Sin darle tiempo para recuperarse, clavó el segundo microchip en la oreja derecha.
—¡JODER! —Volkhov se tambaleó hacia atrás, sintiendo como si le hubieran perforado el cerebro. Un zumbido ensordecedor llenó su cabeza por unos segundos… y luego, de repente, todo se aclaró. Podía entender cada palabra que decían los heraldos, su mente se había conectado a la tecnología.
Respirando con dificultad, levantó la mirada hacia Ryuusei.
—Eso fue solo el primer paso. Ahora… vamos con lo realmente interesante —dijo Ryuusei.
Volkhov sintió que su estómago se revolvía. —¿"Realmente interesante"?
Antryx volvió a extender la mano, y esta vez, en su palma descansaba un objeto que parecía un cristal negro con vetas carmesíes que palpitaban como si tuviera un corazón propio.
—La Piedra de Regeneración. —explicó Antryx—. No funciona automáticamente… debe ser implantada manualmente, en tu corazón. Será tu punto de conciencia anacrónica, lo que te permitirá ser tan formidable como nosotros.
Volkhov sintió un escalofrío recorrerle la espalda, un miedo que superaba al terror de la guerra.
—No… no me jodas. ¿Quieres decir que me vas a abrir el pecho?
Ryuusei se inclinó levemente hacia él, su expresión se tornó más seria que nunca.
—Volkhov… ¿confías en mí?

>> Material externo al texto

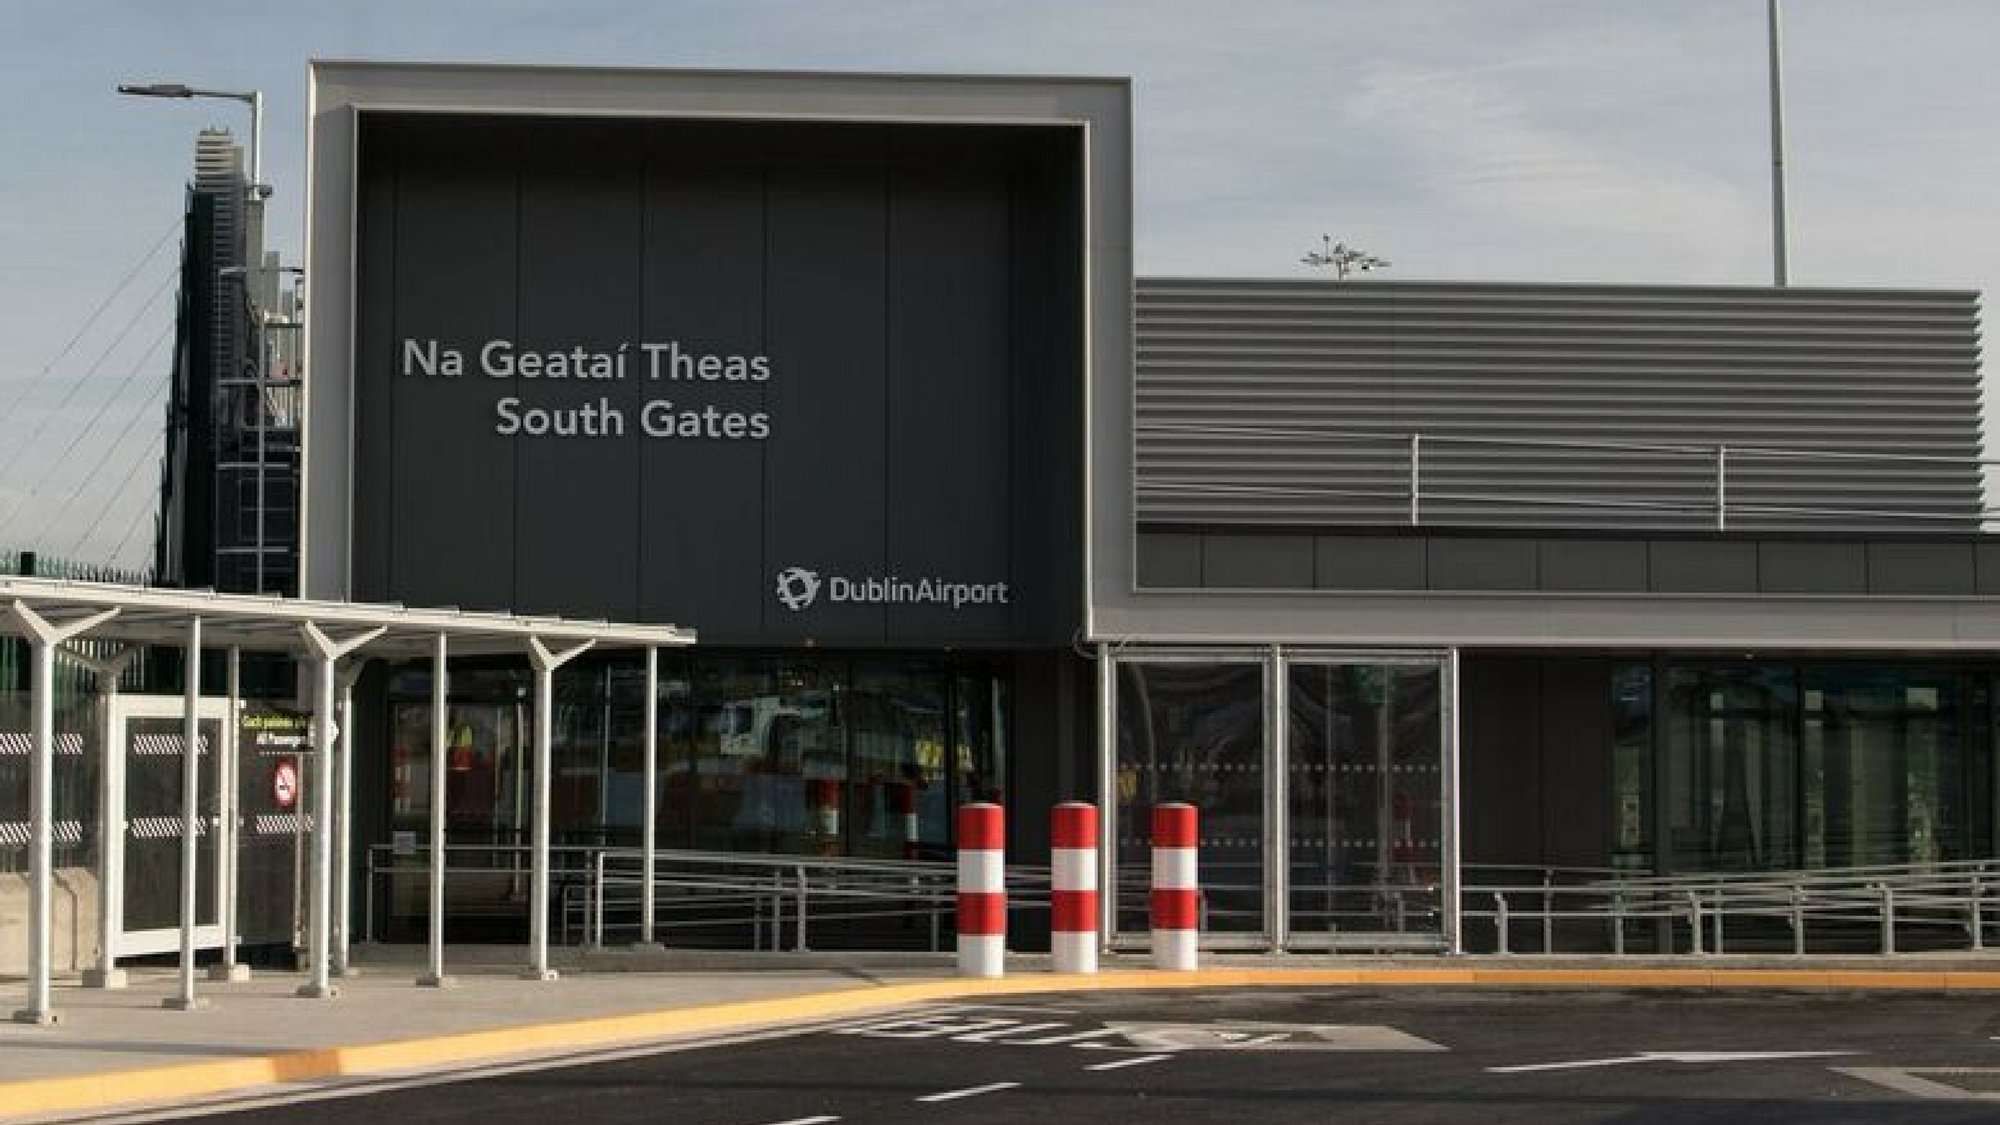 Exterior of South Gates building at Dublin Airport

Esto es lo que te da el poder que necesitas. Es la única forma de que te puedas equiparar a nuestra fuerza para cumplir tu objetivo de salvar a esos niños.
El soldado fugitivo sintió que el sudor frío le resbalaba por la sien. No había escapatoria. Si de verdad quería alcanzar la fuerza que le prometieron para salvar a los niños, tendría que aceptar lo impensable.
Respiró hondo, tragando saliva.
—Hazlo rápido… y sin joderme demasiado —ordenó, mirando a Ryuusei a los ojos, el juramento de un ex-niño soldado.
Ryuusei sonrió, una sonrisa que no llegó a sus ojos.
—Eso… no te lo puedo prometer.
Y antes de que Volkhov pudiera arrepentirse, sintió cómo los dedos de Ryuusei se hundían en su pecho, desgarrando carne y hueso sin anestesia alguna. El dolor fue cegador, un grito ahogado que solo el bosque helado escuchó, el precio que pagó por una nueva oportunidad para la humanidad.